Cette inquiétude est d’autant plus justifiée que l’ONU estime à plus de sept millions, soit 35% des maliens qui ont actuellement besoin de l’aide humanitaire. Alors, pourquoi les autorités francaises veulent tant suspendre l’APD en direction du Mali ? Une « aide » que Paris a toujours présenté comme « humanitaire » ? Mais que représente l’APD de la France en direction du Mali ? Dans l’hypothèse de sa suspension, quel impact aurait-elle sur l’économie malienne ?

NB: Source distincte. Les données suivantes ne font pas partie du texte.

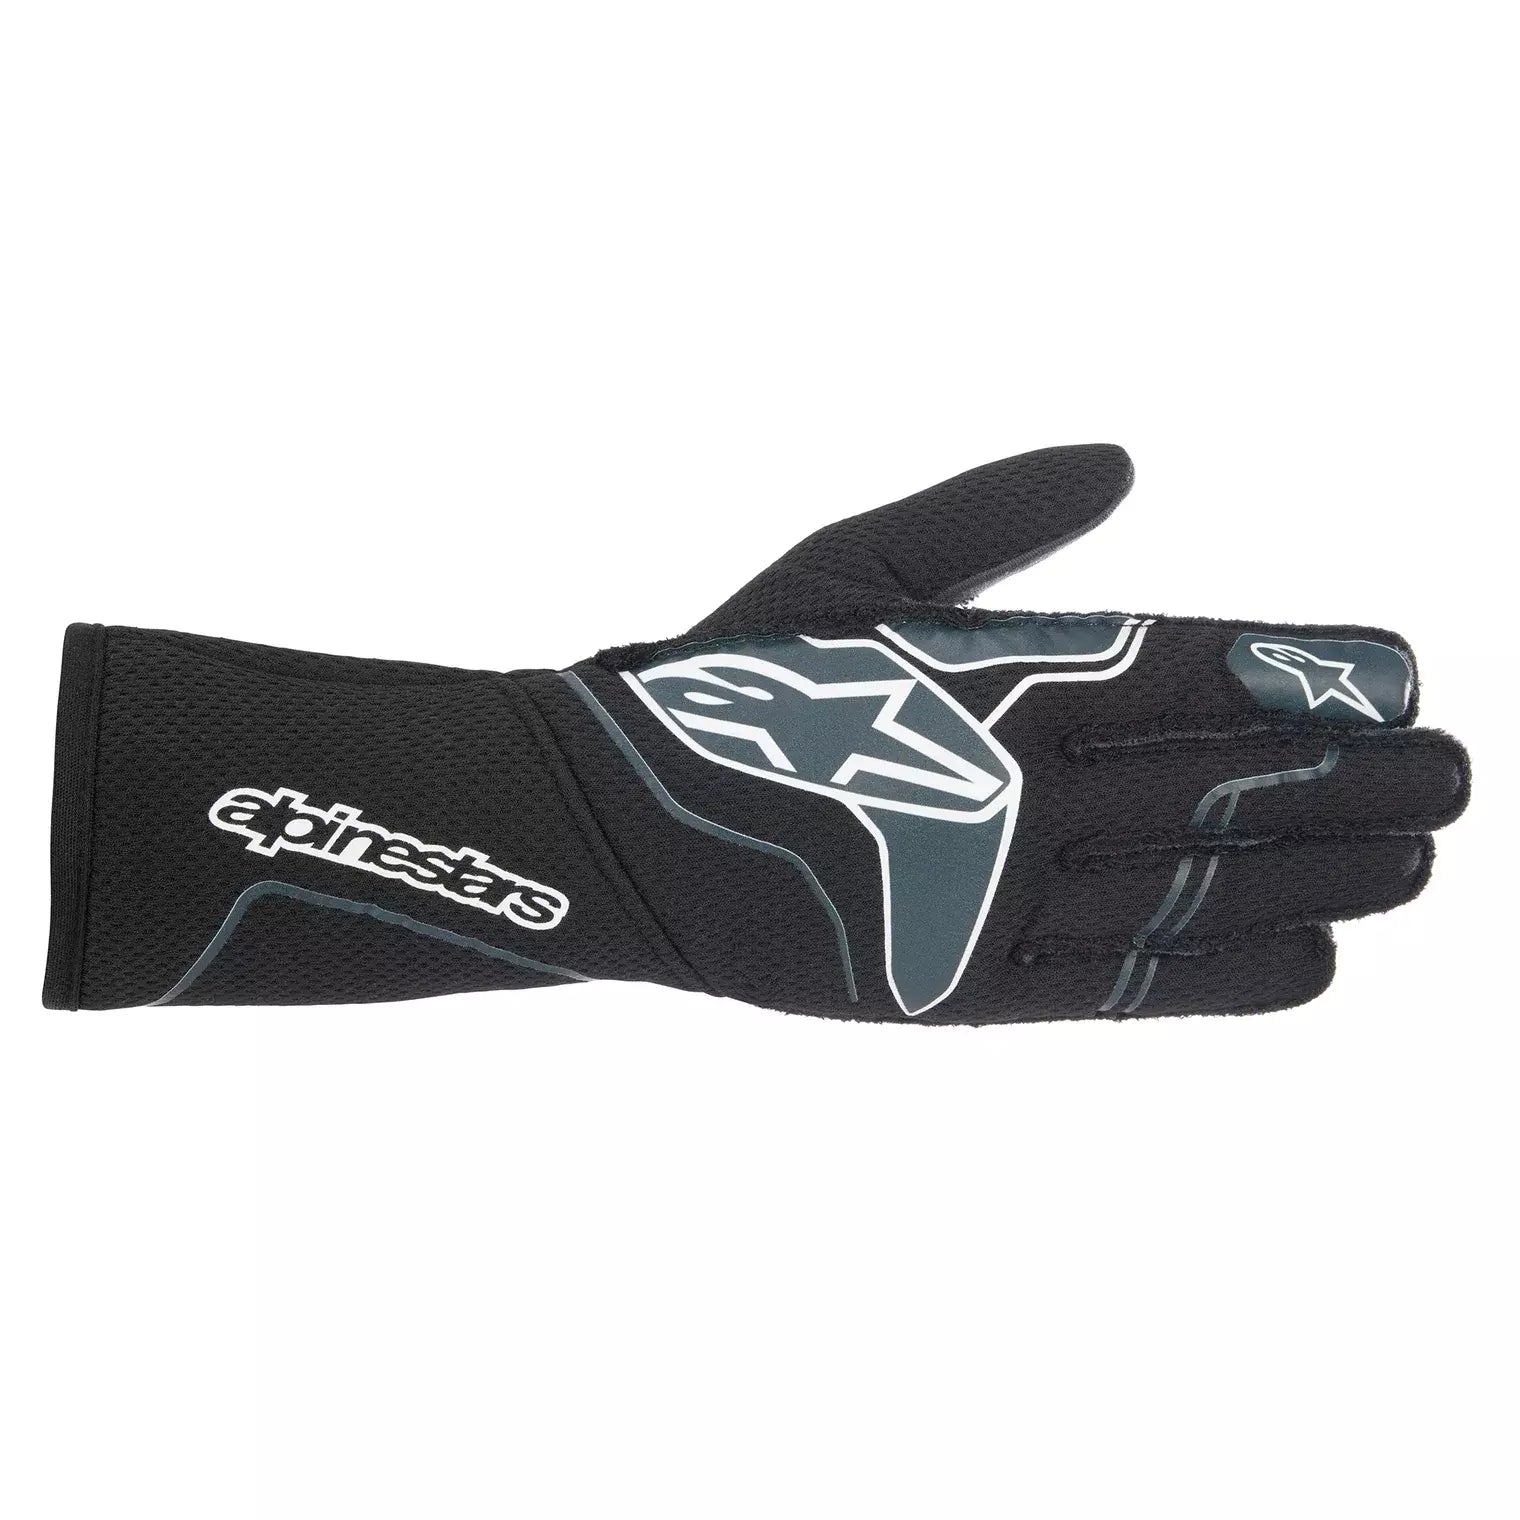 Alpinestars Gloves Tech 1-ZX Black / Grey Small Safety Clothing Driving Gloves main image

Une chose est certaine, Paris est en train de faire de l’APD : une arme ultime en vue de la déstabilisation de Bamako. Selon la Banque mondiale, l’APD reçue par le Mali en 2020 s’élevait à environ 861 milliards FCFA. Le montant engagé d’APD de la France au Mali était de 233 millions d’euros (soit environ 153 milliards FCFA) y compris 95,6 millions d’euros. Alors que le budget d’Etat du Mali de 2023 prévoit des recettes de 2 199,908 milliards de FCFA et des dépenses s’établissant à 2 895,903 Milliards de FCFA. Il présente donc un déficit budgétaire global de 695,995 milliards FCFA. Ce déficit budgétaire est habituellement financé en partie par l’APD. Pour cette raison, certaines organisations de la société civile française estime que la suspension de l’APD pourrait avoir de lourdes conséquences sur la population malienne.

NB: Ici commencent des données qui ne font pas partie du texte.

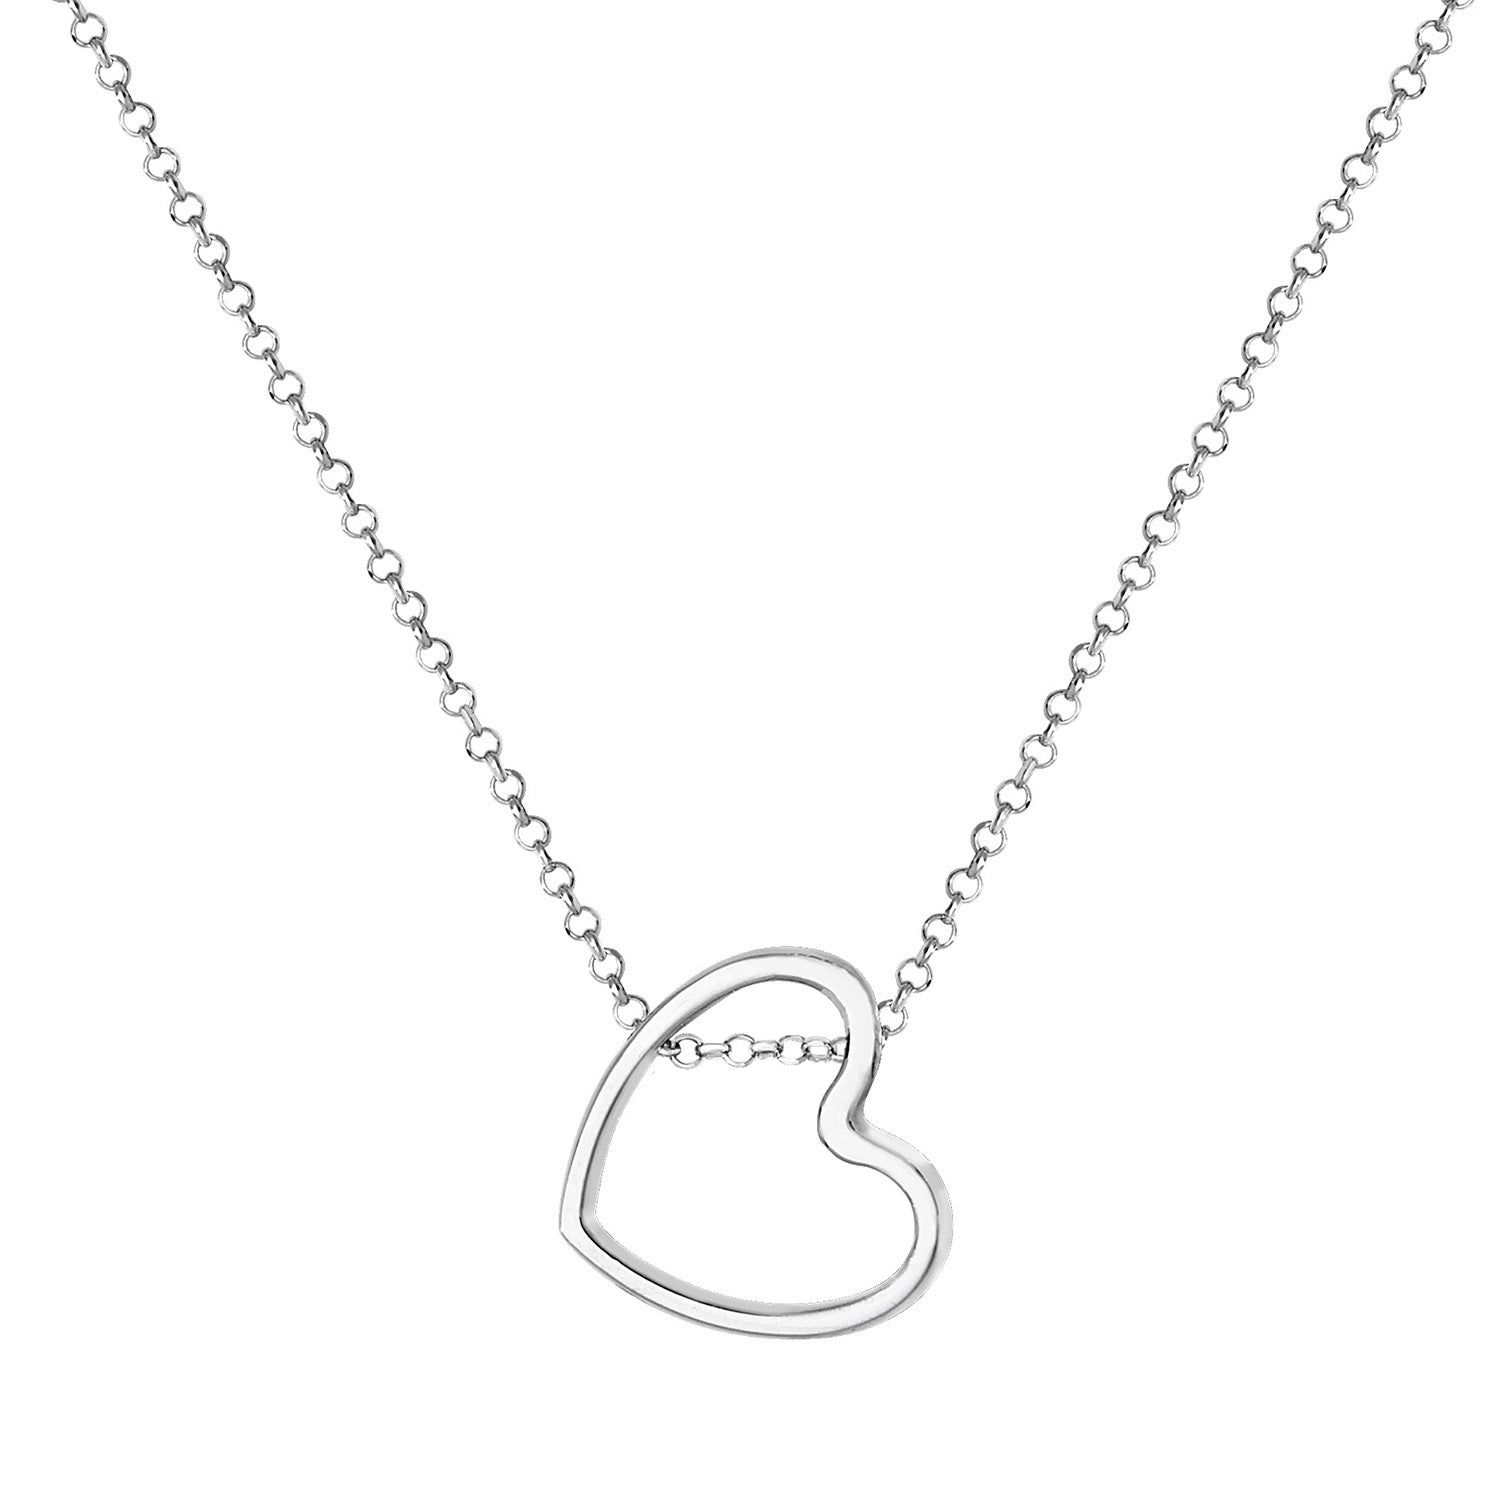 SILVER RHODIUM PLATED OPEN HEART NECKLET

Dans le même registre, notre confrère « Le Monde » révèle qu’un courrier est adressé au président français Emmanuel Macron par le collectif Coordination Sud. Lequel, regroupant des ONG françaises de solidarité internationale, indique que la suspension de l’Aide Publique au Développement (APD), allouée par Paris, « entraînera l’arrêt d’activités essentielles voire vitales menées […] au profit de populations en situation de grande pauvreté ». Ainsi au total, près de 70 projets de développement en cours ou prévus dans notre pays, les prochaines années, pourraient être stoppés en cas d’application de la mesure. Cette projection n’est pas fausse.
Toutefois, de nombreux analystes économiques, parmi lesquels des africains, considèrent que l’APD est sans importance pour les économies réelles en Afrique. Dans leurs travaux de recherche, ils démontrent que les retombées de cette « aide » profitent plutôt aux multinationales occidentales opérant en Afrique qu’aux pays bénéficiaires. D’autant que la France se sert de son APD pour contraindre les Etats africains (notamment les anciennes colonies) à privilégier les entreprises hexagonales pour l’obtention de marchés publics juteux. Dont la valeur colossale dépasse de loin, le montant alloué à aider nos pays.

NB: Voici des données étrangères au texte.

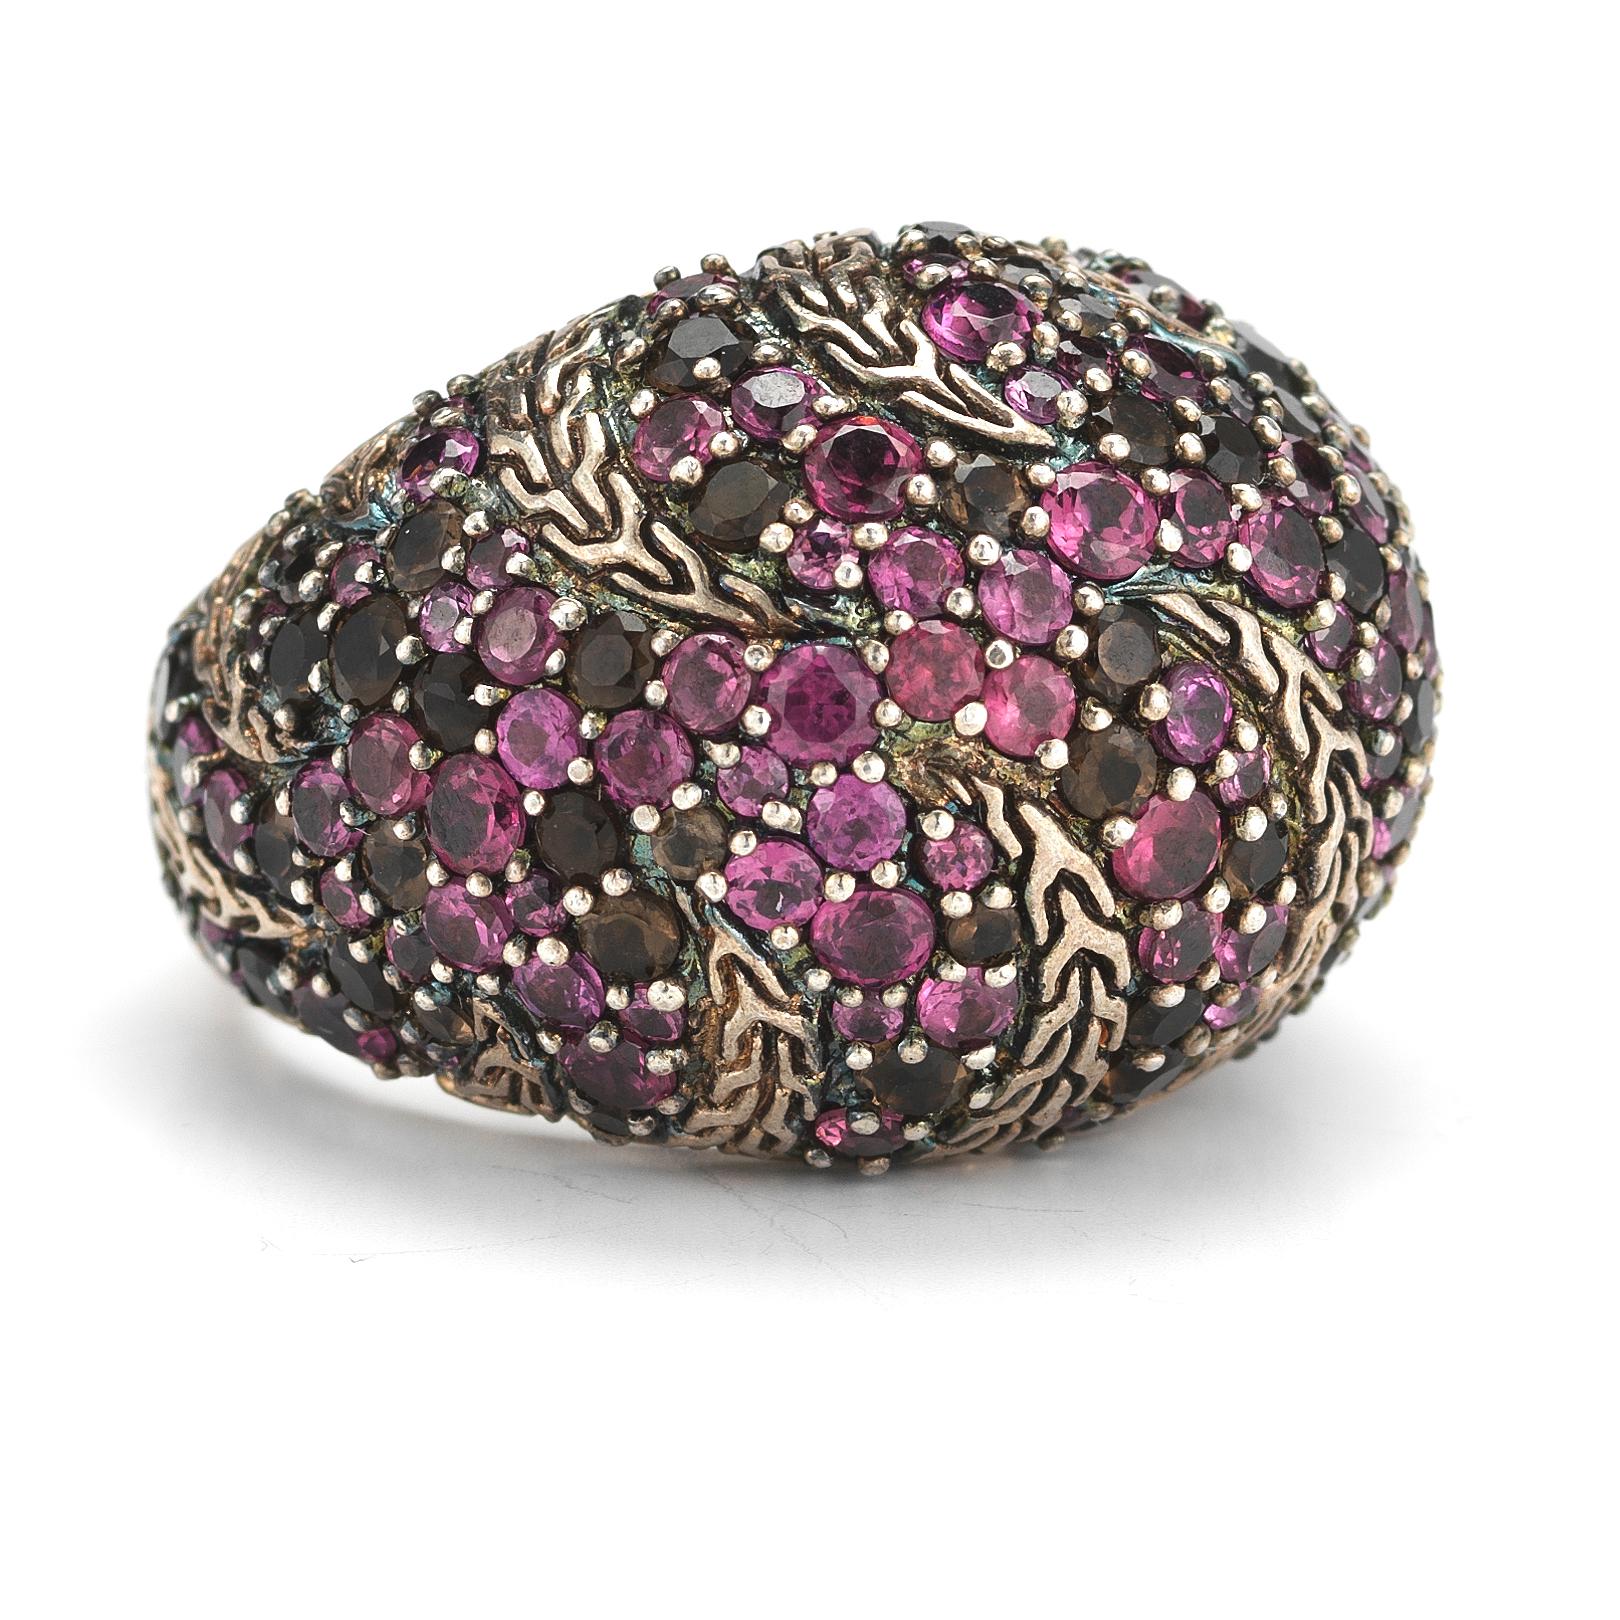 Oversized dome ring cast in sterling silver bears a braided stripe detail in dark pink cherry blossom colorway with light rhodolite and smoky quartz pave. Approx. setting diameter: 3/4 inch. Approx. band width: 1/2 inch at widest. Ring size 8.25

En d’autres termes, ces analystes estiment que l’APD n’est qu’un machin de la coopération française qui permet d’asservir les Etats africains pour mieux exploiter leurs richesses. On pourrait donc caricaturer le scénario comme tel : la France donne aux pays africains des miettes par la main gauche et les récupère par la main droite mais en pactole.
Au regard de cette triste réalité, Bamako a décidé de résister pour refuser le chantage de Paris, en acceptant de se passer de son APD. Comme la réponse du berger à la bergère, les autorités maliennes ont décidé, avant-hier, d’interdire, avec effet immédiat, toutes les activités menées par les ONG opérant au Mali sur financement ou avec l’appui matériel ou technique de la France, y compris dans le domaine humanitaire. Mais faudrait-il que les populations maliennes comprennent tous les enjeux de ce bras de fer entre Paris et Bamako, en redoublant de résilience. Car, pour pouvoir asseoir la souveraineté de leur pays, les maliens doivent forcément consentir d’énormes efforts.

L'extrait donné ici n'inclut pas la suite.